# Move to Poland questions?



## jamesmcintyre23 (Oct 12, 2019)

Hi my name is James McIntyre, I am a dual citizen of both Australia and Britain. I am planning to move to Poland later this year to marry my long term girl friend. I have a few questions regarding temporary residence and work permits if there is a Brexit-No Deal between the UK and Poland, please see questions as follows:

1/ is it best to apply for temp residency and work permits together or separately?

2/ if your work permit is issued before your temp residency permit are you legally allowed to work?

3/ if your circumstances change during the processing of your temp residency permit (ie Kasia and I get married), can you amend your current application or do you have to submit a new temporary residency permit based on marriage to a Polish national?

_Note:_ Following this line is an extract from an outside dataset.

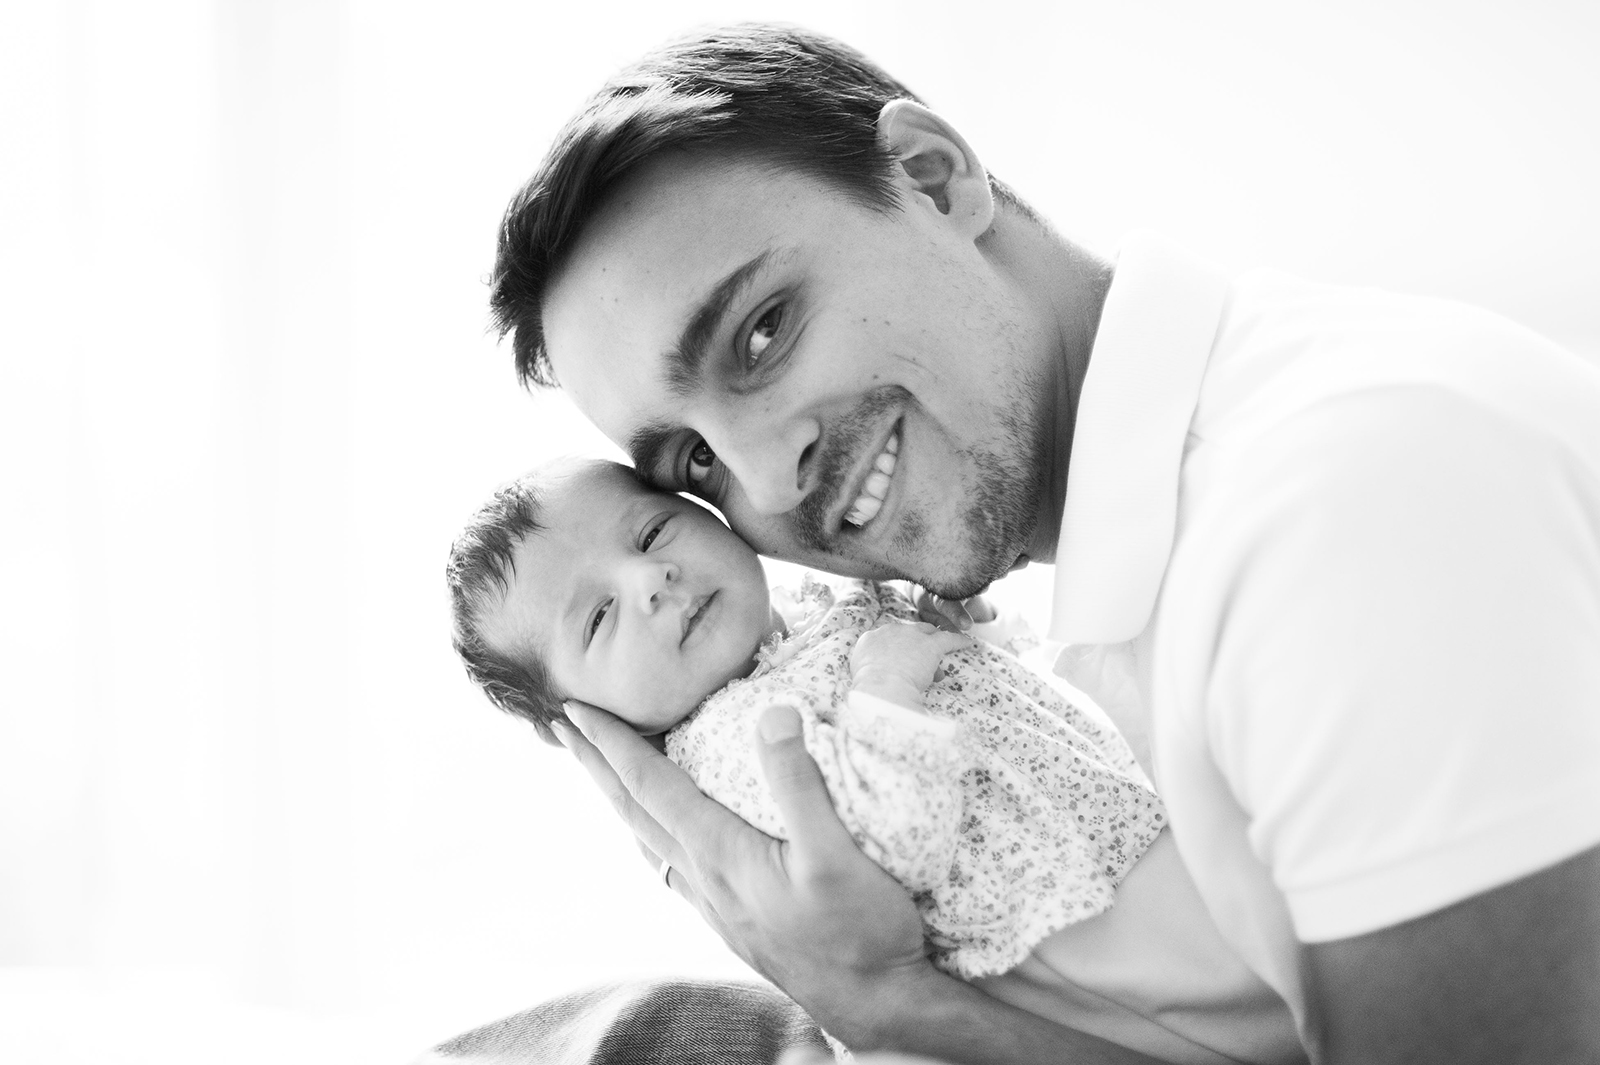 seance-photo-famille-photo-grossesse-photo-bébé-naissance-sabrina-godemert-photographe-seine-et-marne032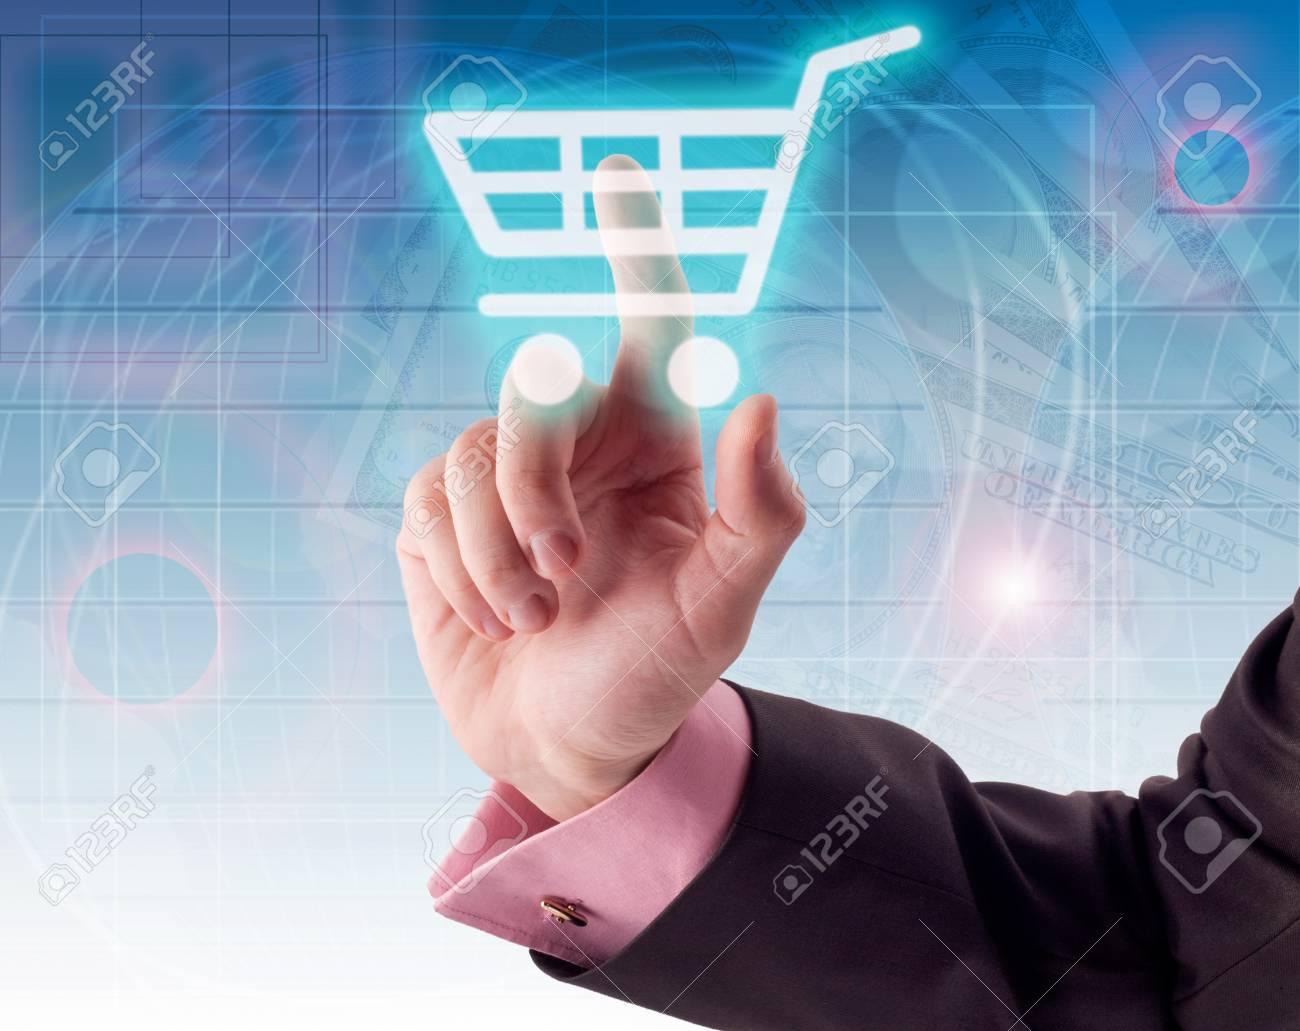 Man hand pressing shopping cart icon Stock Photo - 9700554

4/ I hold Australian and British citizenship. If there is a brexit deal then I could enter Poland with my British passport and would not require a temporary residence permit or working permit?

Any help would be greatly appreciated.


----------



## b0ll0cks-to-brexit (Oct 25, 2019)

You didnt mention your girlfriends citizenship (PL?).

It would be preferable if you enter PL with UK passport before brexsh1t, as you can then apply for residency as EU citizen. That would be much easier than work permit.

I dont see why you cant apply to adjust your status later on.
Why dont you look at PL embassy website, they should have all the info.


----------